In a previous post I explained what it means for businesses to scale empathy and why it’s important. I laid out 3 steps to help you scale empathy across your business. My first post in this series described how to get closer to your customers by creating and utilizing personas. The second step explained how to apply what you developed in the personas to customer touch points online and offline. Now to close the loop with the final of the 3 steps by creating open channels for feedback and communication.
Assuming that you’ve gone beyond just looking at the customer personas you’ve developed and actually put them into action, you’re going to want to keep up your empathy momentum by creating and utilizing open channels of feedback.

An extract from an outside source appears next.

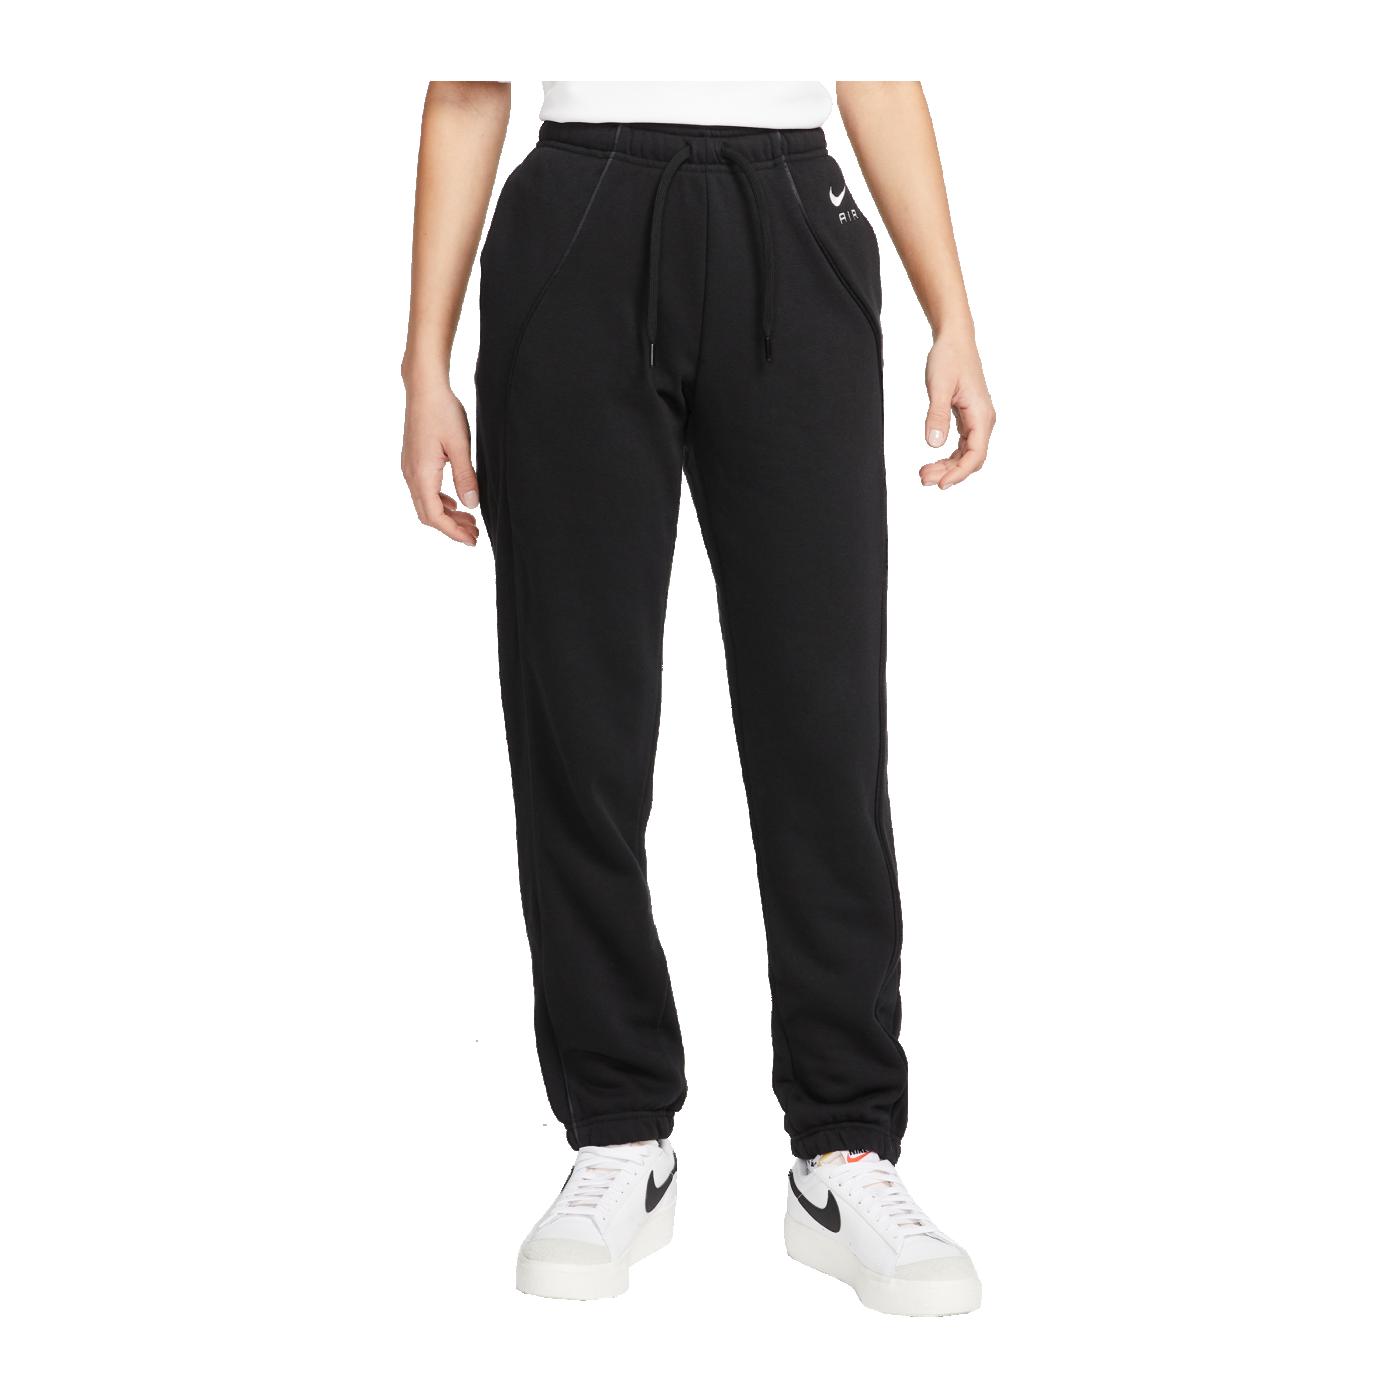 Nike Air Fleece Jogginghose Damen Schwarz F010

The internet and online tools provide a supremely scalable way for just about everyone your business touches to share ideas, provide criticism and contribute to what your doing. Creating customer personas is a great first step, but in order to minimize future effort and stay ahead of the game you will want to create ongoing ways of learning about the human beings connected to your business. The following are some suggestions on how to do this.
Identify the Audiences to Include
Although I’ve used the word “customers” a lot in this series, there are more segments of people you may want to communicate with on an ongoing basis. Identifying those various segments will help you understand how to open those channels and what to do with the feedback provided.

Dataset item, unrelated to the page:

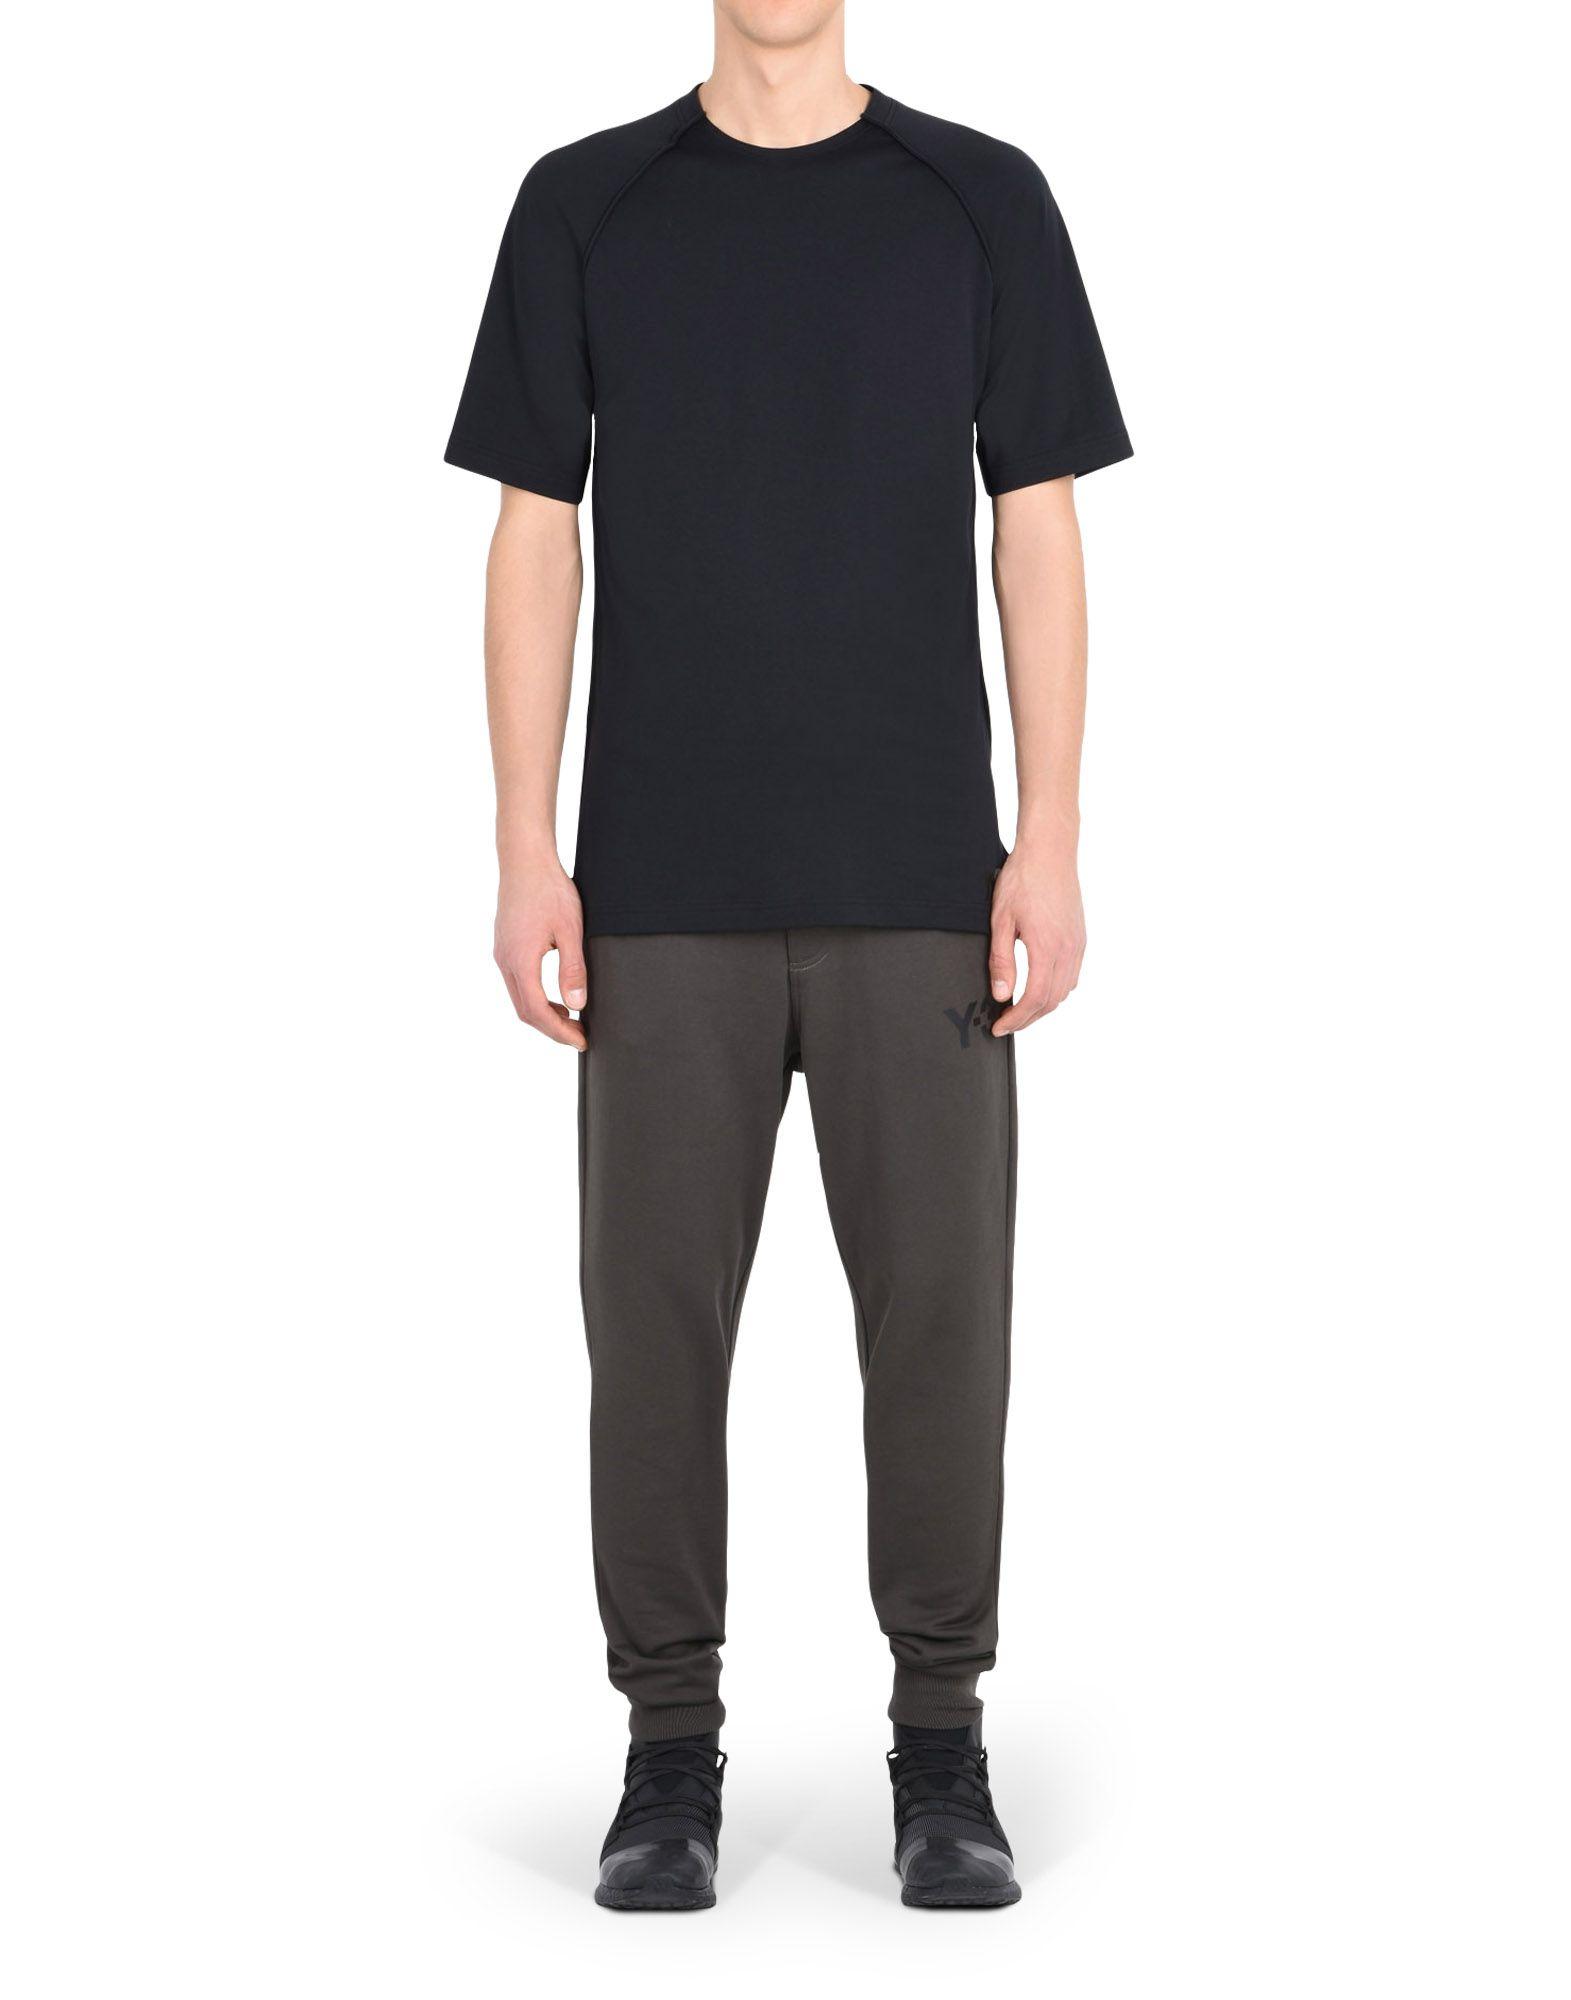 Y-3 Y-3 CLASSIC CUFFED PANT Sweatpants Man d

- Employees – Those that work directly in your business are an excellent source of ongoing feedback and ideas. In many cases, these folks are the ones working most directly with your customers.
- Channel Partners – Another group that spends a great deal of time in direct contact with your customer base, channel sales partners are used to hearing all the reasons why your current and potential customers don’t want to give you their money. If you don’t mine them for what they know, then you are missing out.
- Customers – The most obvious group of people to engage is of course your customers. Some businesses have been vocal about what they feel the downsides are about encouraging customers to provide feedback, especially in a public place like Twitter. If that’s a considerable concern of yours, then you likely need to listen and act on that feedback more than most.
- Potential New Customers – The previous people listed have all had previous contact with your business. What about those individuals who have yet to do business with you? Wouldn’t you like to know why they haven’t yet spent their money with you?
Implement Information Gathering & Listening Tools
Understanding who you want feedback from helps you then decide how you will gather that feedback. There are lots of tools available at low or no cost to help you do this. Sometimes it’s as simple as a form on your website. Not long ago we helped launch a completely revised website for one of our customers that has 17 offices across the US. On day 1, the new website included a form made specifically for their employees across the country to provide feedback, ideas or new information whenever they want. Not only has that made it easier for company’s headquarters to manage the website, but it’s also increased the stake that employees feel they have with their employer’s online presence.
Going beyond simple forms, there are a variety of tools that can be initially set up and provide a steady flow of information to help you understand what’s on the minds of your customers.
- Add online feedback tools to your web site – Tools like Uservoice and Zendesk give you relatively easy way to create an online community to collect ideas and feedback. You can integrate each directly with your web site and can even connect some with your social networks.
- Set up social media listening stations to listen and respond – Social media channels are some of the best places to tap into the minds of current and potential customers. Endlessly scouring the web to listen to customers isn’t very scalable. This problem is solved by setting up a social media listening tool to do it for you.
- Forms and surveys – I mentioned previously that a simple web form can be quite useful. There are a number of easy to implement tools that can help you quickly set up a form and start collecting information. Wufoo is a great tool and creating forms in Google docs using their form builder is super simple. Although you can create short surveys using most form tools, they often don’t provide easy to digest reports when a longer set of information needs to be captured. Sending out a survey with a tool like Survey Monkey can rectify this.
- Get Face to Face – Any opportunity to talk face to face anyone is an opportunity to ask questions and listen. After meetings, during trade shows or just about any other time you’re out in the field… take advantage of that face time. Your smart phone is an excellent tool to help you capture conversations. Capture an audio note or a video to take back to the office and share with your team.
These are just a few solutions, but keep your eyes open for new ways to gather direct and indirect feedback as often as possible.
Put Things Into Action
All the information gathering, tools and listening doesn’t matter if you don’t put the fruits of this labor into action. Remember, the purpose of this all is to instill and exhibit empathy across your business. This approach to open feedback and communication is meant to help keep the customer an active participant of your business. Sales meetings, product development, marketing campaigns … they should all include time to discuss the information you’ve gathered on a regular basis. Scaling empathy isn’t just about using tools that easily scale, but also how you develop processes that become part of what you’re already doing day in and day out.
For reasons stated before, businesses that regularly exercise empathy have a leg up in today’s connected world. For those that still feel the word empathy represents more the touchy feely side of things and doesn’t effect the bottom line, it’s going to be an uphill battle for you in the near future.